**Aim of the task**
When you copy the listing, skip the images and return each line verbatim.

**Input data**

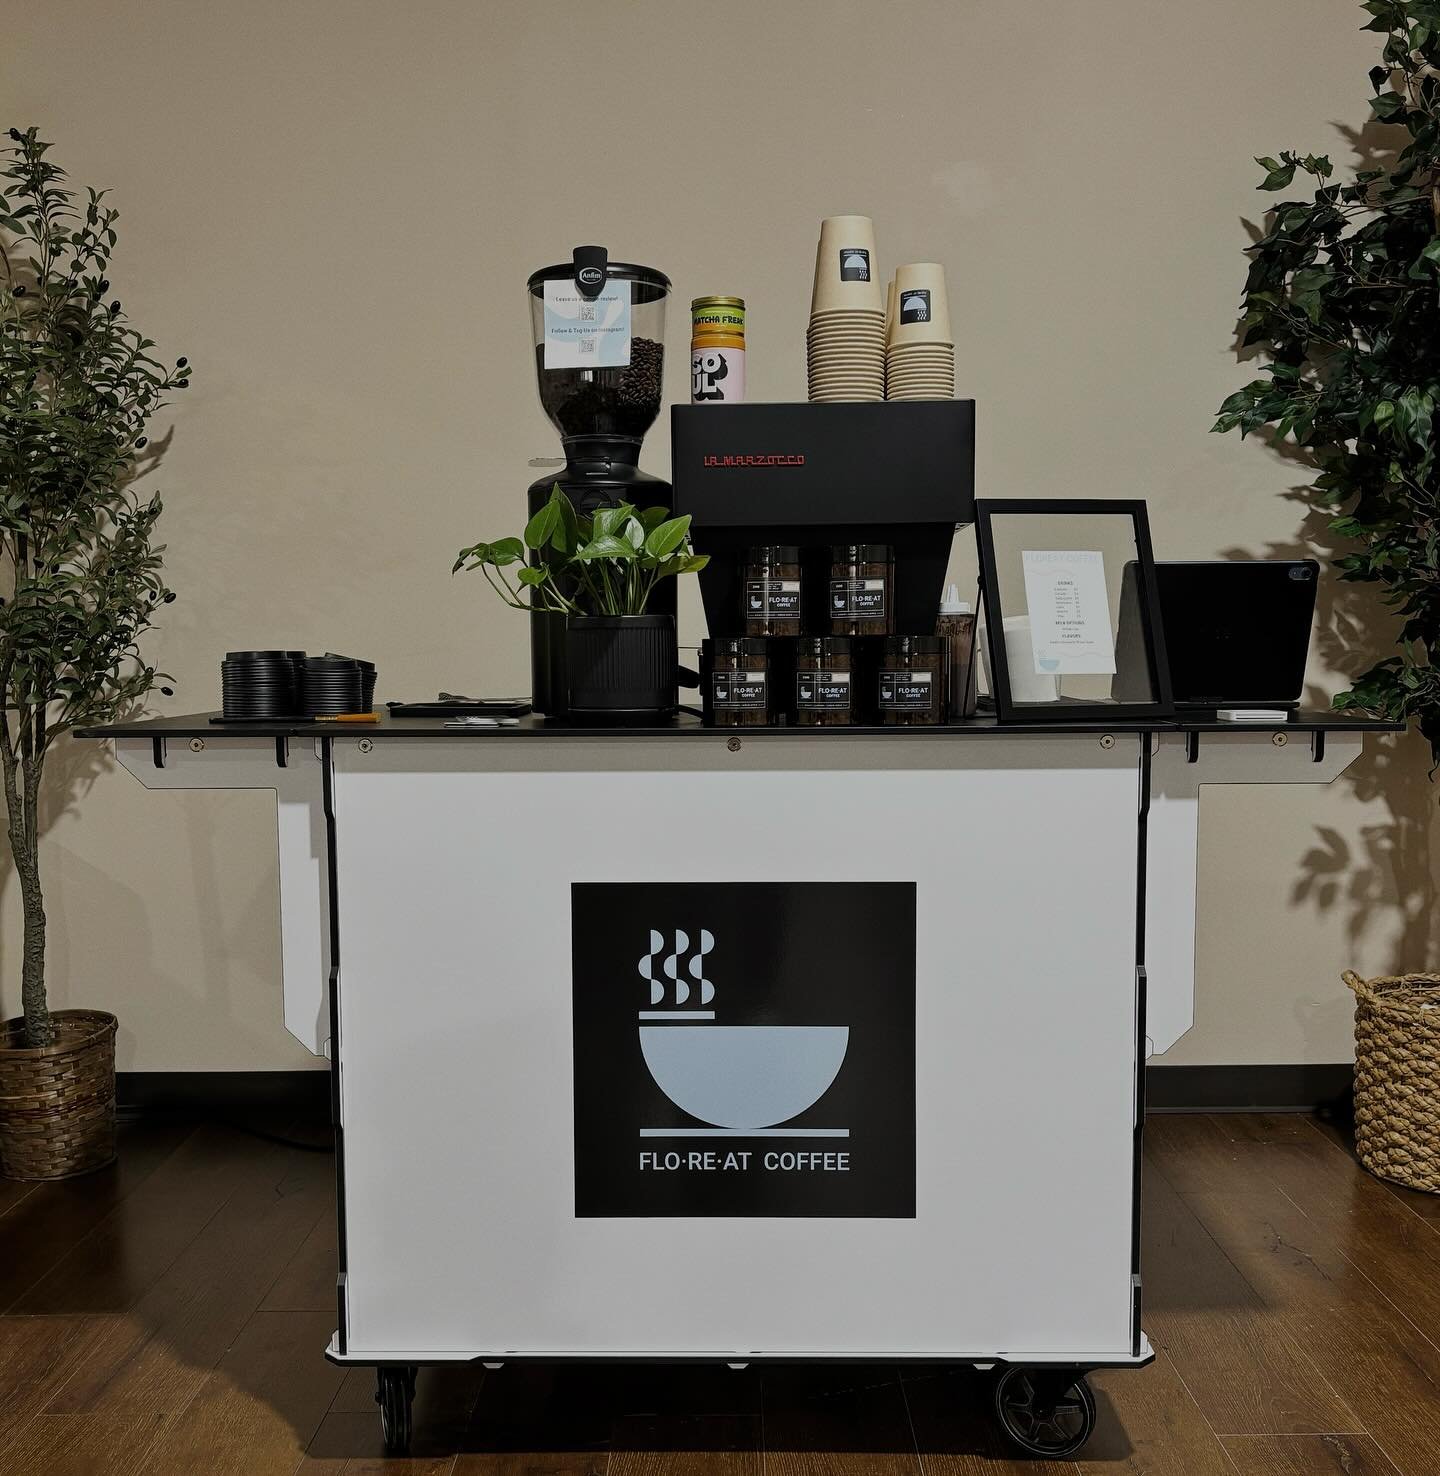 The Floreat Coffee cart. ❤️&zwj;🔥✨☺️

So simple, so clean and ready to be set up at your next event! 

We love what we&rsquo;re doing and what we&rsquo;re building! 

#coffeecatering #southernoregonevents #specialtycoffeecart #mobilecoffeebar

**Answer section**
 The Floreat Coffee cart. ❤️&zwj;🔥✨☺️

So simple, so clean and ready to be set up at your next event! 

We love what we&rsquo;re doing and what we&rsquo;re building! 

#coffeecatering #southernoregonevents #specialtycoffeecart #mobilecoffeebar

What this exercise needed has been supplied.